Aujourd’hui encore( mais quand donc finira cette vie limitée) nous irons retrouver les amis, et nous boirons les mêmes vins. On nous verra encore aux terrasses des cafés.
Il est loin, celui qui sait nous rendre cette gaieté bondissante. Il laisse s’écouler les jours poudreux et il n’écoute plus ce que nous disons. » Est-ce que vous avez oublié nos voix enveloppées d’affections et nos gestes merveilleux? Les animaux des pays libres et des mers délaissées ne vous tourmentent-ils plus? Je vois encore ces luttes et ces outrages rouges qui nous étranglaient. Mon cher ami, pourquoi ne voulez-vous plus rien dire de vos souvenirs étanches? L’air dont hier encore nous gonflions nos poumons devient irrespirable. Il n’y a plus qu’à regarder droit devant soi, ou à fermer les yeux: si nous tournions la tête, le vertige ramperait jusqu’à nous.
Itinéraires interrompus et tous les voyages terminés, est-ce que vraiment nous pouvons les avouer ? Les paysages abondants nous ont laisser un goût amer sur les lèvres. Notre prison est construite en livres aimés, mais nous ne pouvons plus nous évader, à cause de toutes ces odeurs passionnés qui nous endorment.
André Breton et Philippe Soupault, Les Champs magnétiques
J’ai fait un voyage sur le plus beau bateau qui ait jamais été construit ; particularité étrange, à bord de ce transatlantique, passagers et hommes d’équipage étaient à cheval !

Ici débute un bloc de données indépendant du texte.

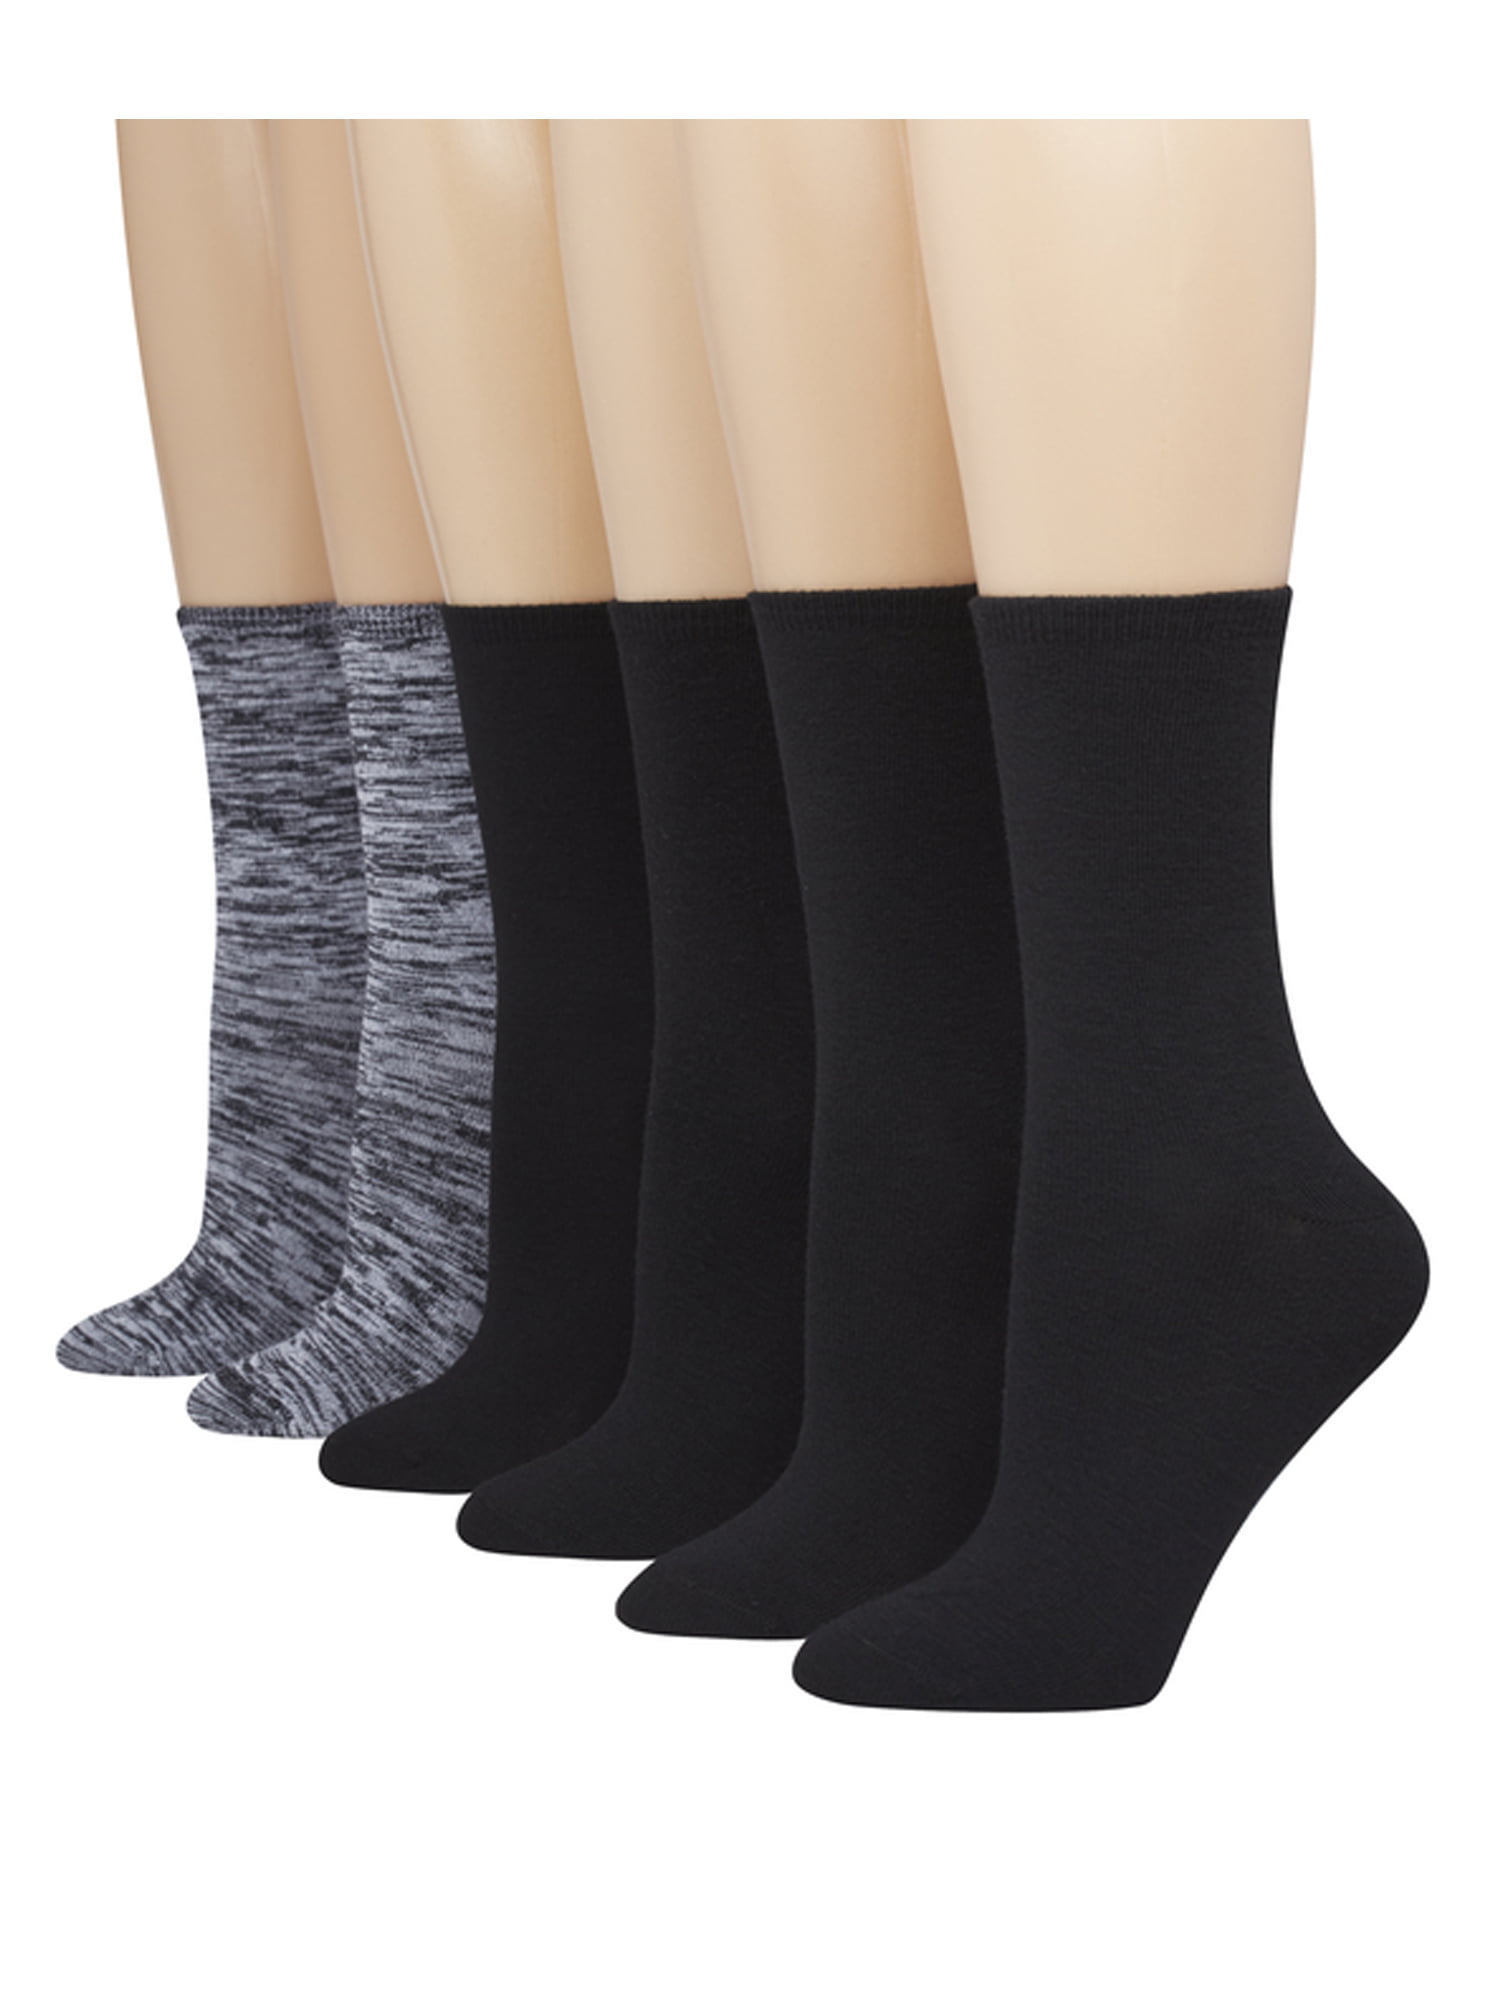 Womens Black Thin Cotton Socks High Ankle 6 Pack
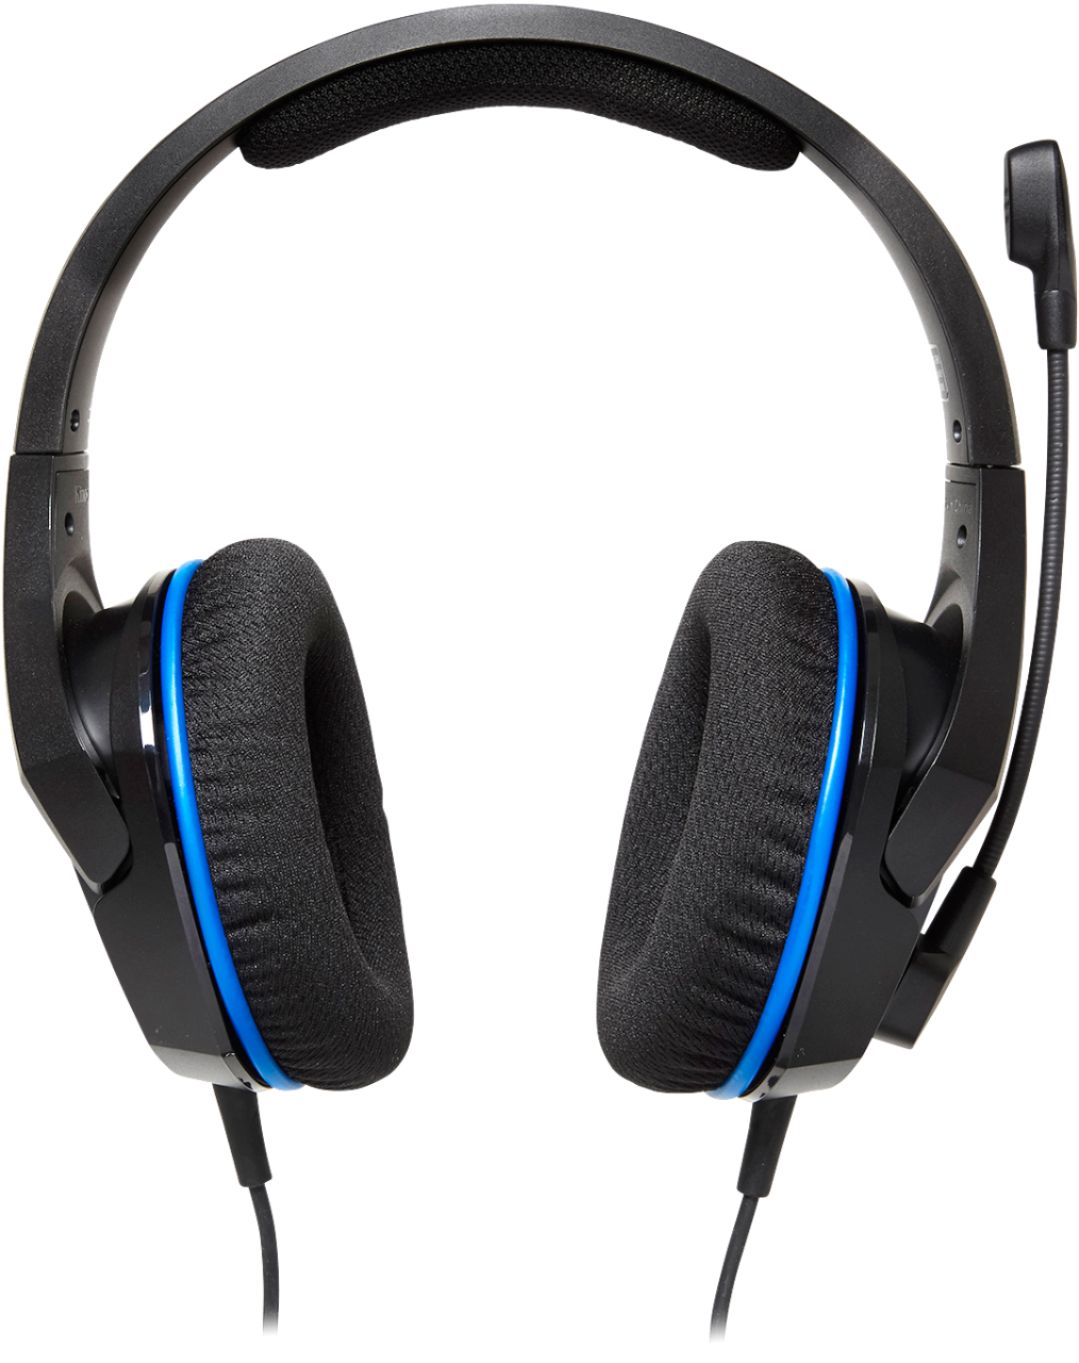  HyperX Cloud Stinger Core - Gaming headset for PC, PlayStation  4/5, Xbox One, Xbox Series XS, Nintendo Switch, DTS Headphone:X spatial  audio, Lightweight over-ear headset with mic,Black : Video Games

Le capitaine, cavalier émérite, montait un pur-sang de courses, il portait un costume de chasse et sonnait du cor pour diriger la manœuvre, quant à moi, ayant horreur de l’équitation, j’avais pu obtenir de passer mes journées sur le cheval de bois de la salle de gymnastique. Nous débarquâmes sur une terre nouvelle où les chevaux étaient inconnus ; les indigènes prirent pour un animal à deux têtes les passagers montés de notre navire, ils n’osèrent s’en approcher en proie à la terreur ; moi seul, reconnu semblable à ces êtres primitifs, je fus fait prisonnier par eux. C’est de la prison ou l’on m’enferma que j’écrivis les lignes qui vont suivre. Cette prison était une île absolument déserte le jour, mais la nuit, les habitants d’une grande ville continentale ou le mariage et l’union libre étaient également défendus, s’y donnaient rendez-vous pour faire d’amour, j’ai pù ainsi rapporter de mon exil la plus splendide collection de peignes de femmes qui soit au monde, depuis le triste celluloïd jusqu’à l’écaille la plus transparente, couverte de pierres précieuses. J’ai offert cette collection à l’un de mes oncles, conchyliologiste distingué, chez lequel elle fait pendant à une vitrine de coquillages indiens.